Seasoned engineers in a team that is well-oiled will usually get a code review done with little change to the initial proposal made by its author. But most teams usually draw fresh blood to keep their source healthy, the widely varying practice of code reviews can evoke fear, fatigue from iterations and even friction for the uninitiated regardless of their experience and background. When there is a lot of back and forth, it can get overwhelming and hair raising to anyone. Some manage to not make the same mistake twice while others try not to contact the same individual for another code review request!

The process of code reviewing is highly structured and invested heavily by organizations. Most provide one or another productivity tool for individuals to review the code while also providing a DevOps pipeline to vet the code via running multiple code analysis tools before even a code review request is made. Engineers can view the exact changes to each line before and after an iteration and provide comments during a code review. Experienced ones will be able to spot defects and improve the code style and organization that the tools might fail to provide. Some of the traits they look for include readability, re-usability, testability and refactoring. Unit-tests are a particular favorite for both bots and humans to call out during a code review. The most skilled reviewers will often point at writing tests that will discourage incorrect usage of the proposed code changes in the future in addition to testing the code for both success and failure.
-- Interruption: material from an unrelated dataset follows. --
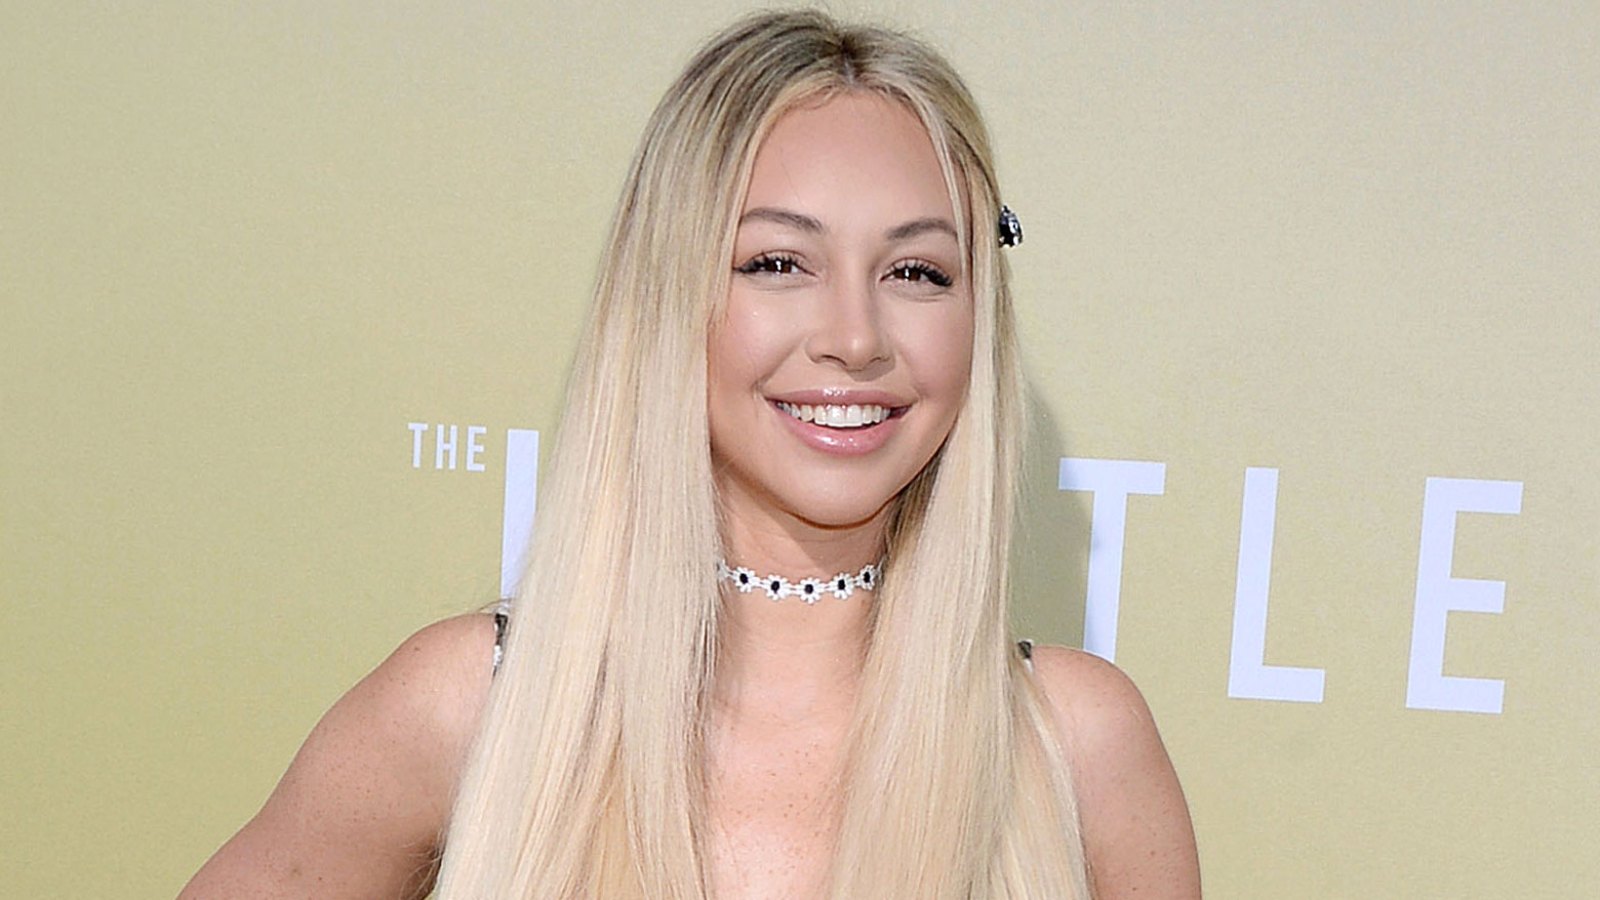 Bachelor's Corinne Olympios Is Dating Vincent Fratantoni After Split From Jon Yunger

Style is another big contention between engineers and often code reviews iterations can go from a couple of iterations up to double digits just for style and conformance.

The savvy author of a code review would have done a lot of home-work prior to turning it in for review such as informing about the proposed changes via a design document and getting general acceptance to the intent behind the form of implementation. Establishing relationships with peers that can smoothen and expedite the code review process is another popular technique. Managers tend to take note of the number and quality of code reviews by their direct reports, so individuals help themselves by working one or two code reviews at a time.

Finally, the less the better for any code changes and reviews. Engineers will vouch for this universally.